Counsel say that they make no contention that the contract was intended to advance any illegal purpose or to operate as a. fraud on the company or its stockholders, but insist that, if we do not hold the contract to be void as contrary to public policy or in contravention of the statute, we will not be in accord with the weight of authority; with but two cases, in fact, to sustain our conclusion. We do not so read the cases. Our finding accords rather with the conclusion of Mr. Thompson on Corporations (2d ed.), § 895: “That a great majority of voting trusts coming before the courts have been held illegal, does not necessarily imply that all such combinations are void,” and the saving grace as applied or admitted in the cases is comprehended within the admission of counsel; for, as the text continues, “The later cases show that careful corporation lawyers are able to draft agreements creating these trusts that are valid, by avoiding the features that the courts have condemned.” It is so in this case.

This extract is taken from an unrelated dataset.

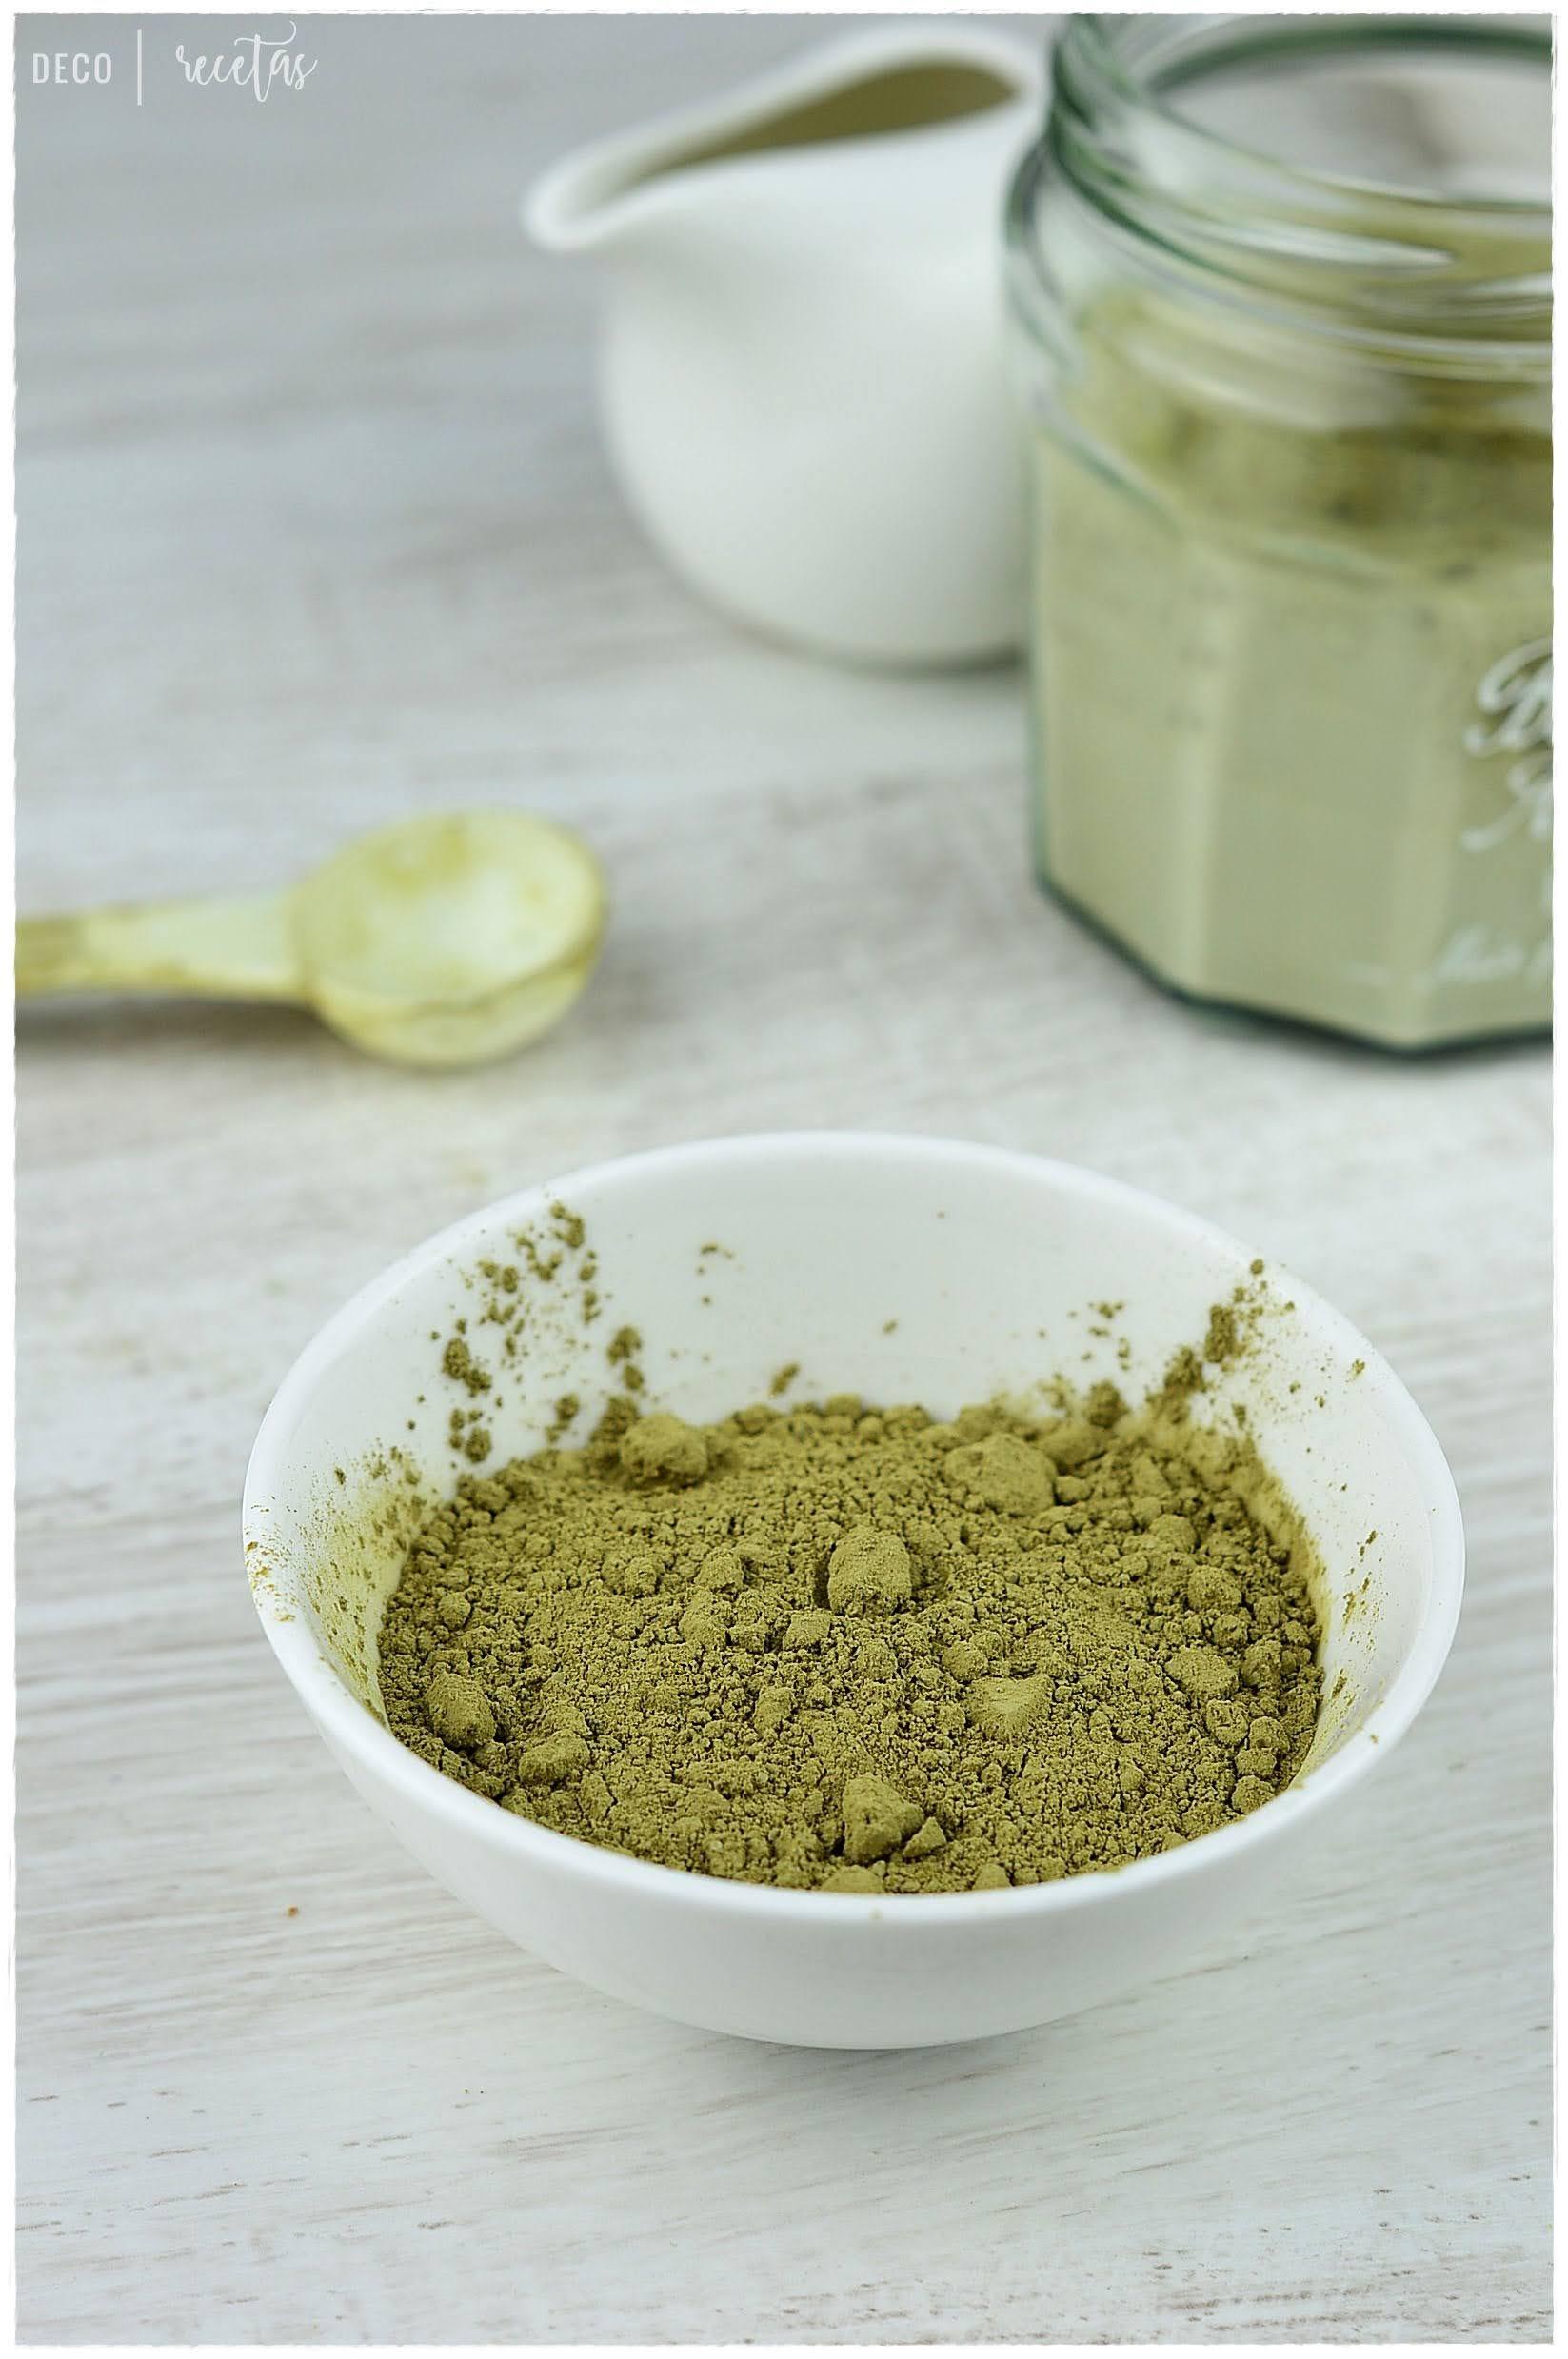 preparacion del te matcha como preparar te matcha te verde en mercadona comprar te matcha

Peeling that the case should be decided upon its real merit, we have purposely avoided a discussion of the equities of the case, the doctrine of estoppel; and the argument advanced by respondents that the owners of three-fourths of the *253stock are not complaining, and having a right by force of numbers to fix the plans and policy of the company, plaintiff’s cause is without merit.

The decree is affirmed.

Ellis, C. J., Fullerton, Main, and Morris, JJ., concur.